Write down exactly the lines from the one below that has "Swivel Outdoor Tables" to the end of the data, both ends included; the pictures should not appear in your copy.

## DATA:
=-=-=-=-=
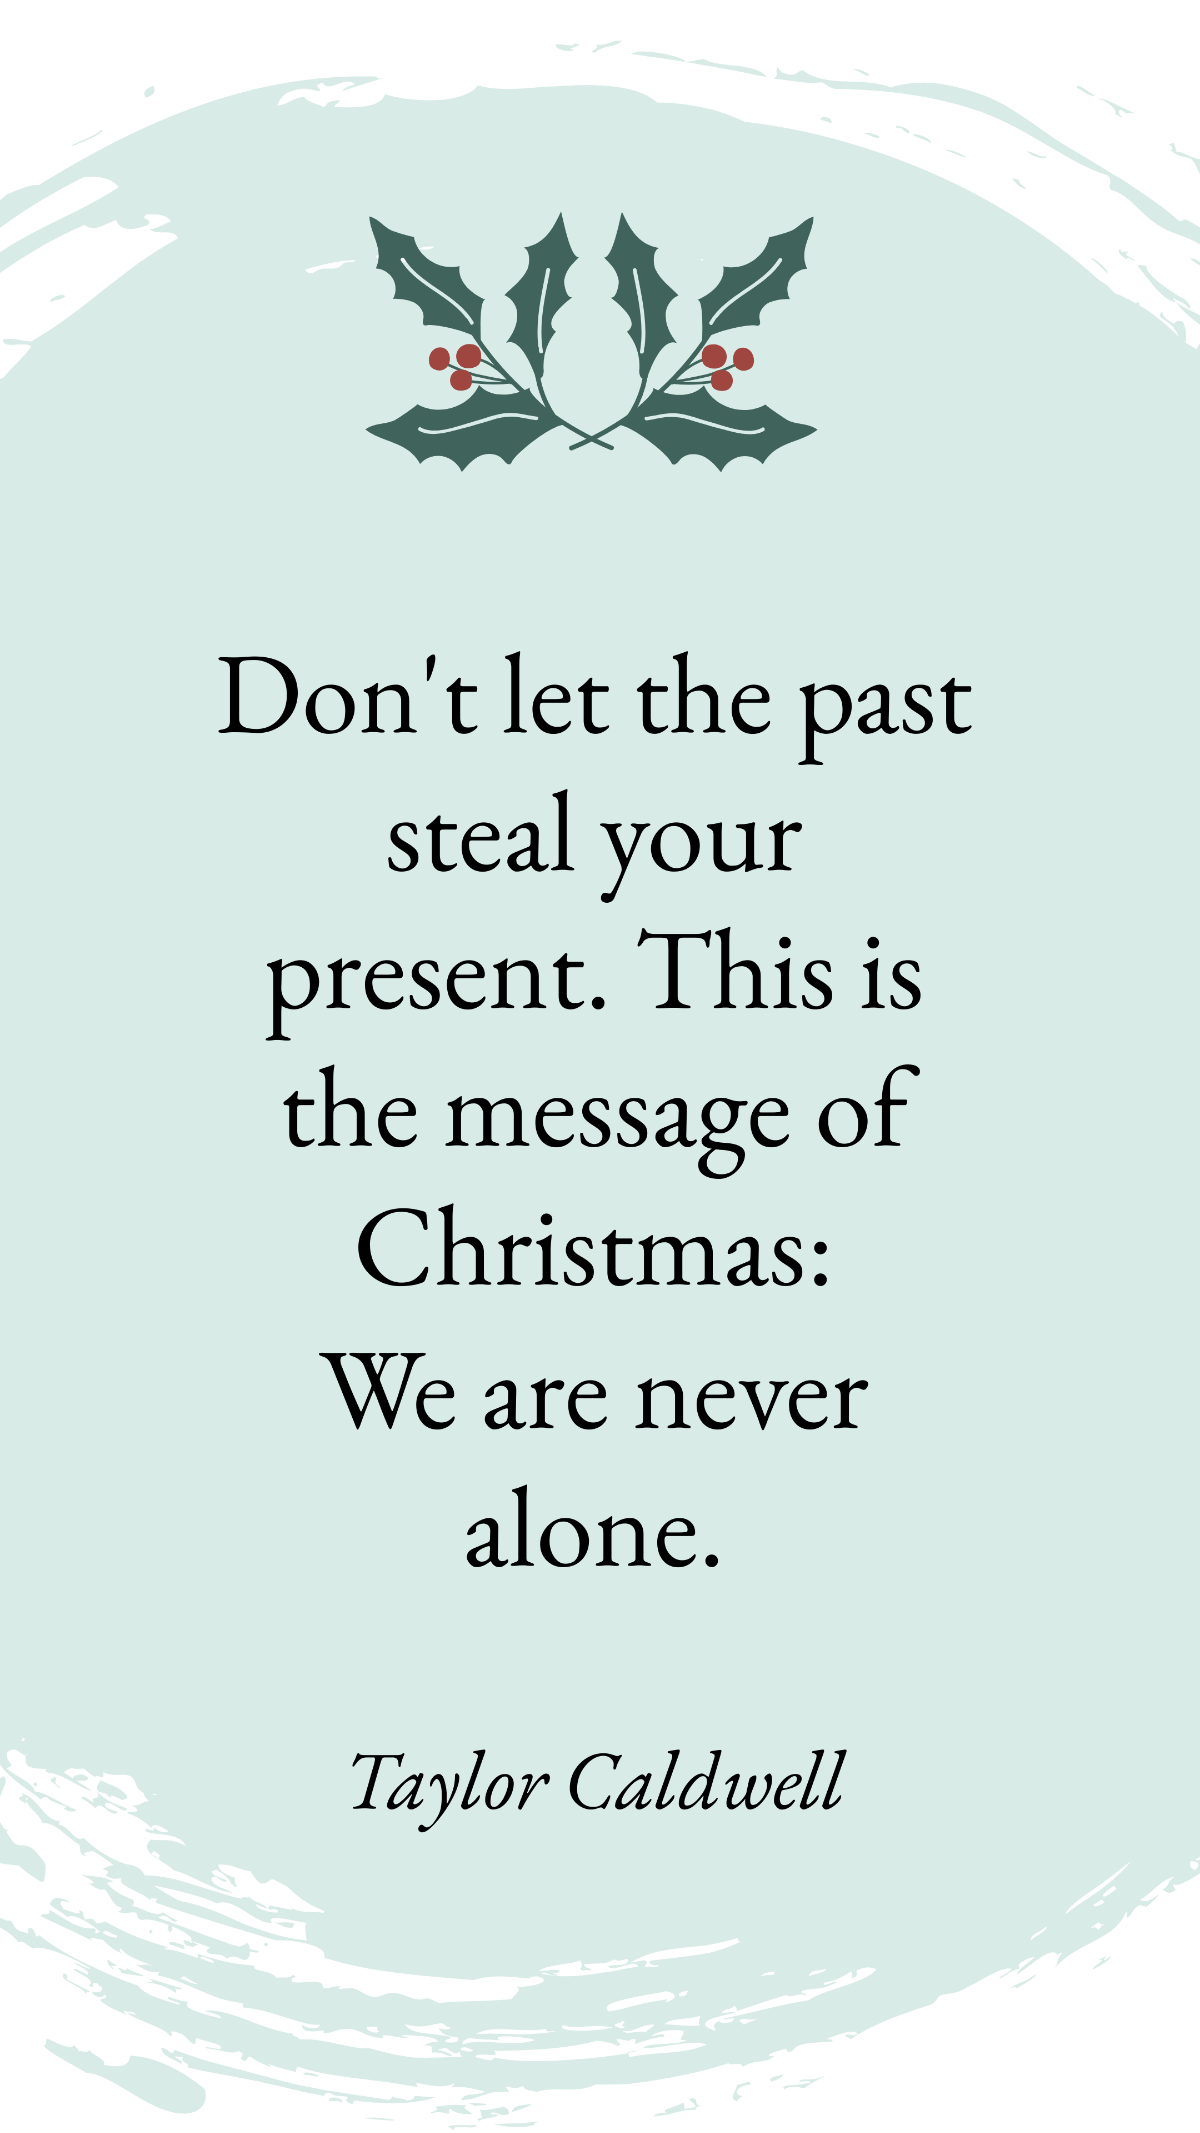 Taylor Caldwell - Don't let the past steal your present. This is the message of Christmas: We are never alone. Template
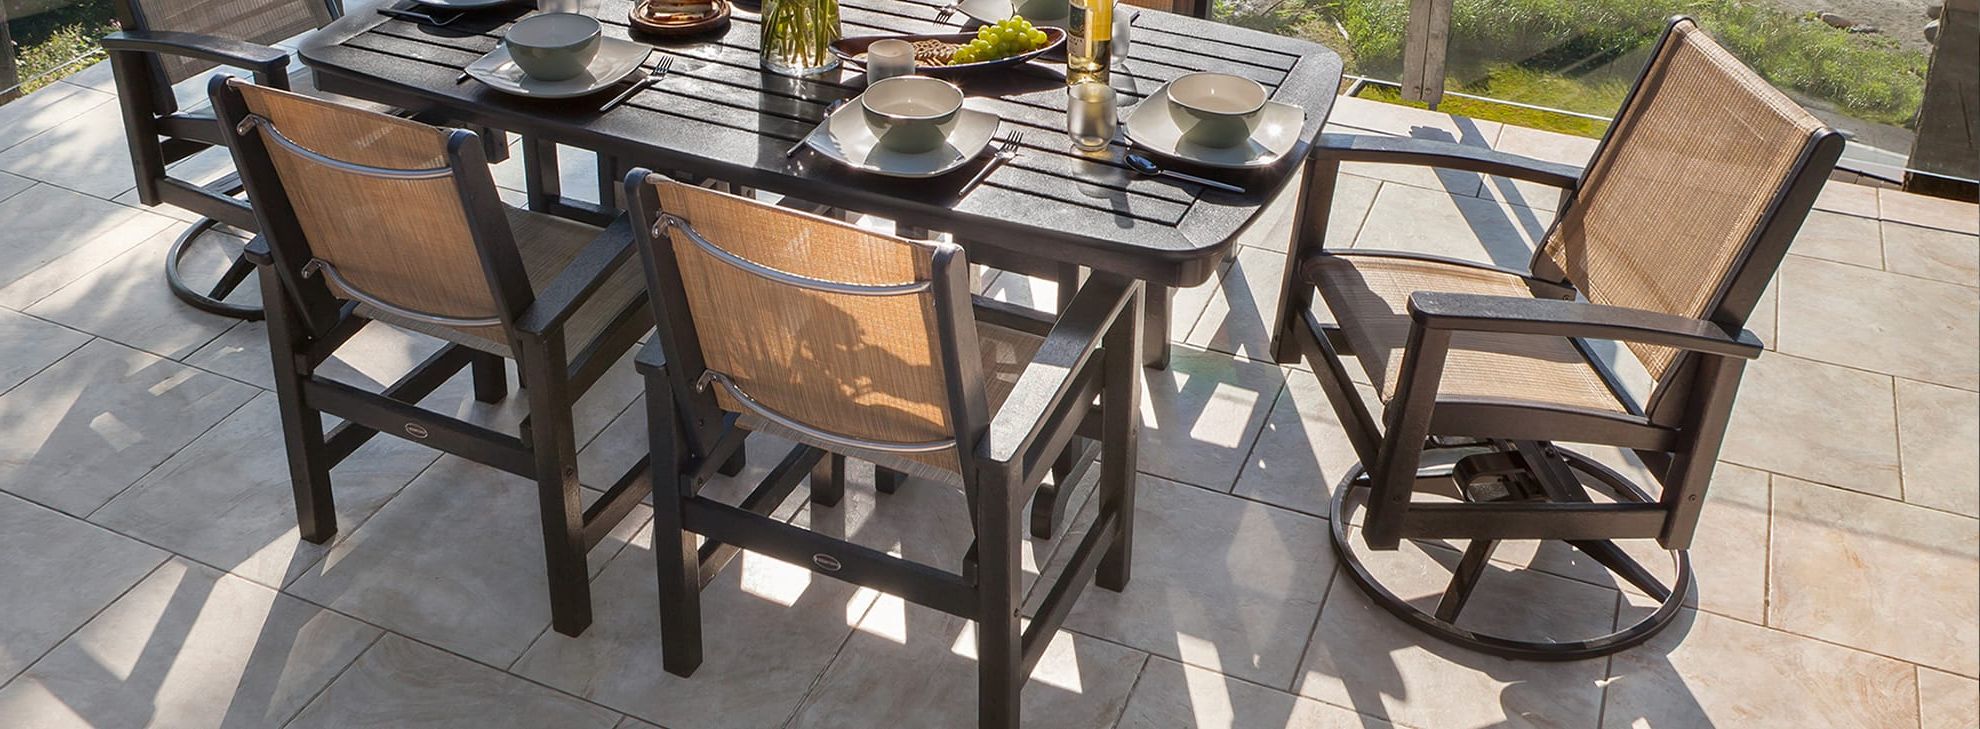 Swivel Outdoor Tables Regarding Most Up To Date Outdoor Swivel Chairs – Polywood® (View 8 of 15)
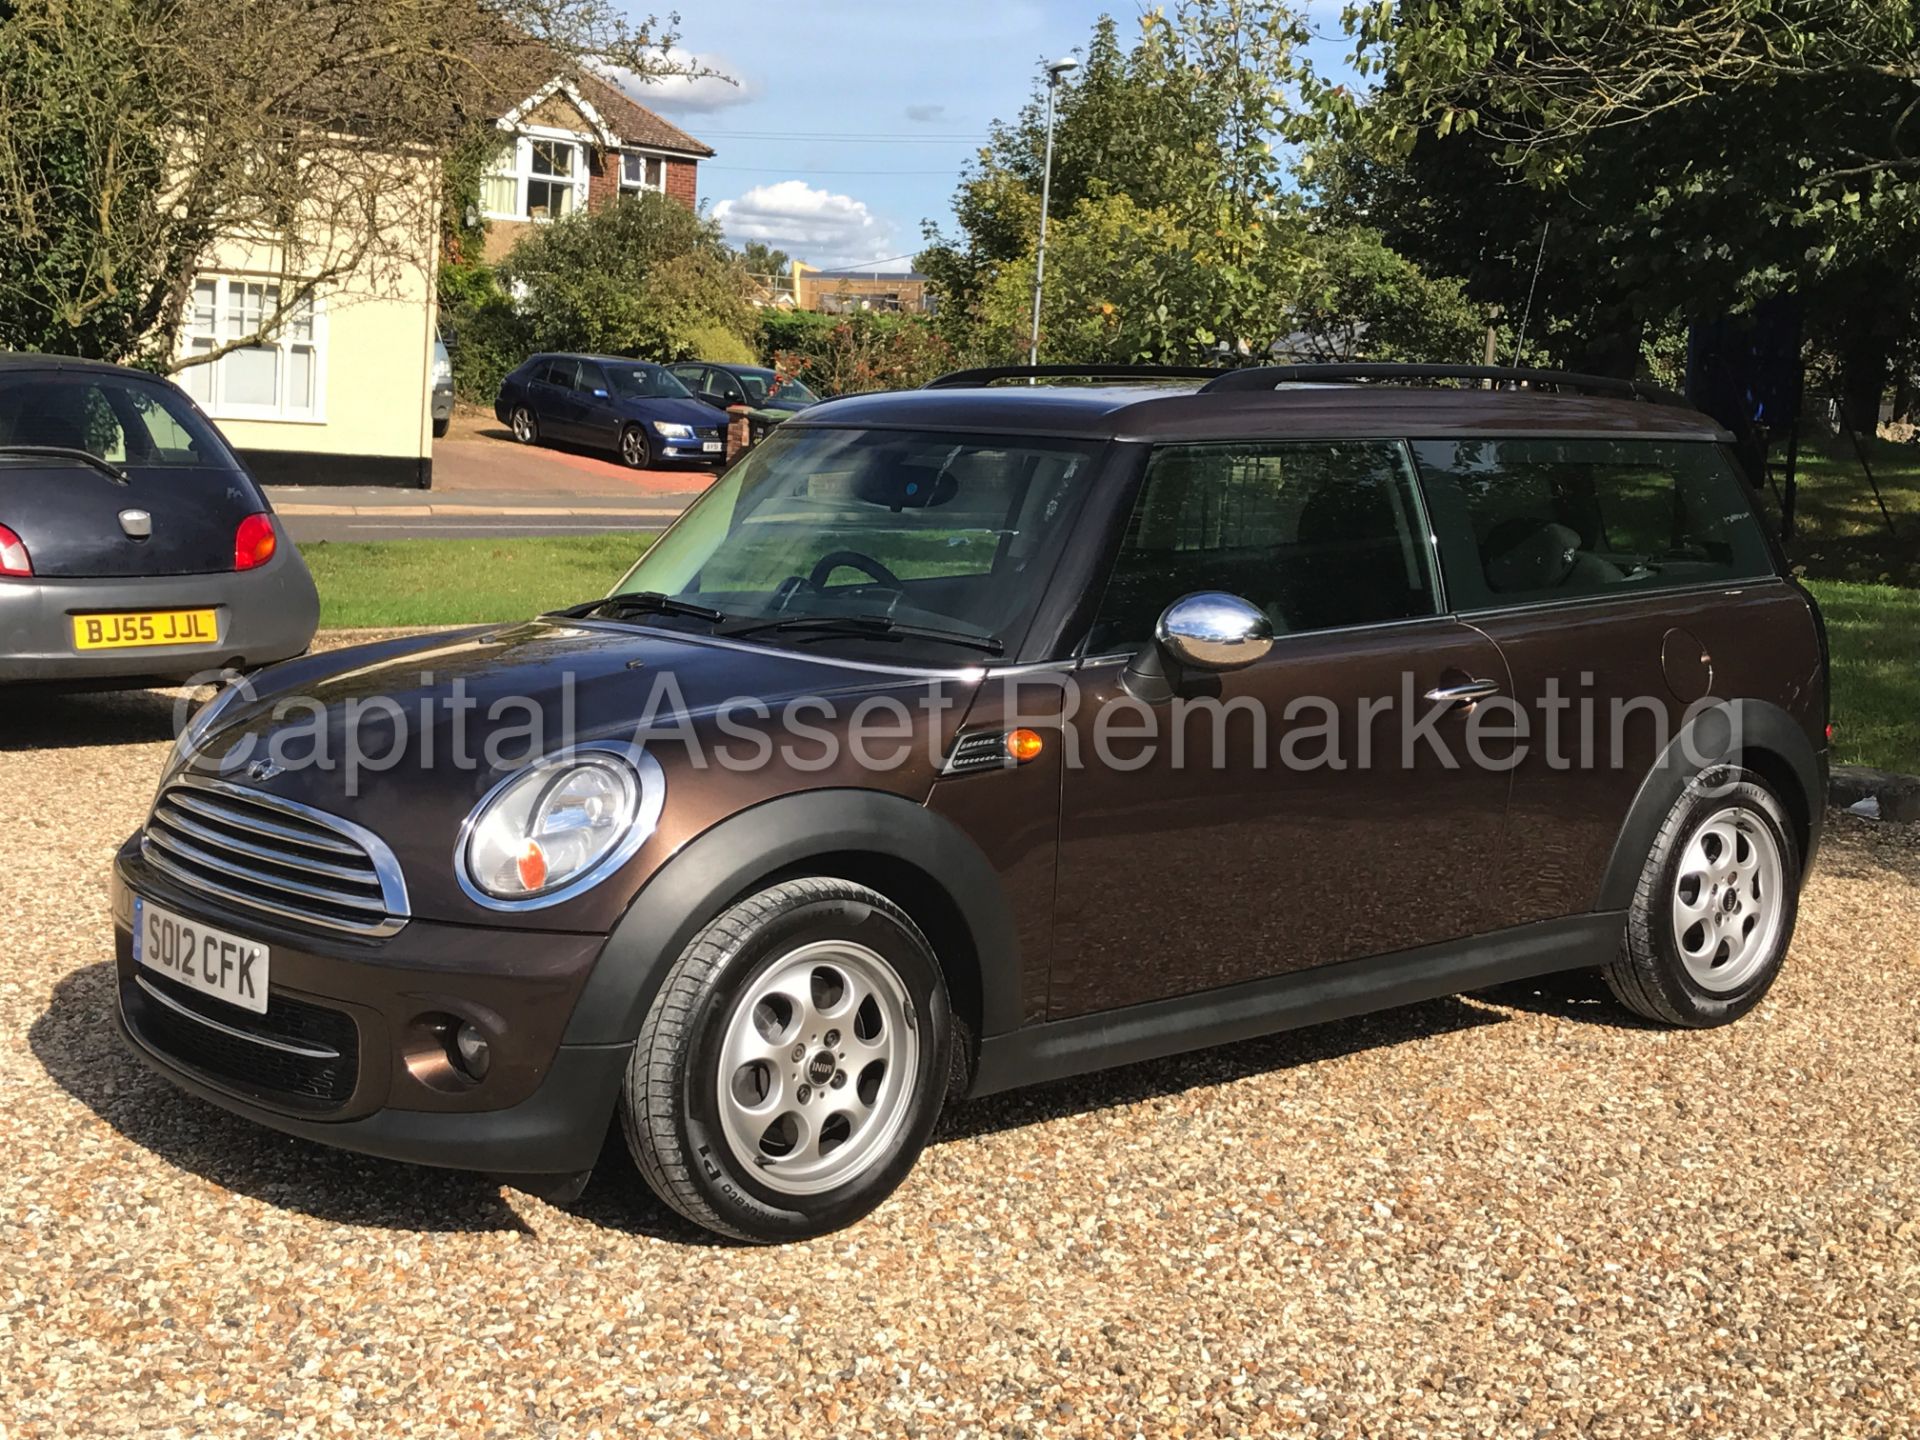 (ON SALE) MINI CLUBMAN "COOPER D" HOT CHOCOLATE EDITION (12 REG) AIR CON - ELEC PACK - COLOUR CODED
=-=-=-=-=
## SOLUTION TO THIS PROBLEM:
 Swivel Outdoor Tables Regarding Most Up To Date Outdoor Swivel Chairs – Polywood® (View 8 of 15)
 (ON SALE) MINI CLUBMAN "COOPER D" HOT CHOCOLATE EDITION (12 REG) AIR CON - ELEC PACK - COLOUR CODED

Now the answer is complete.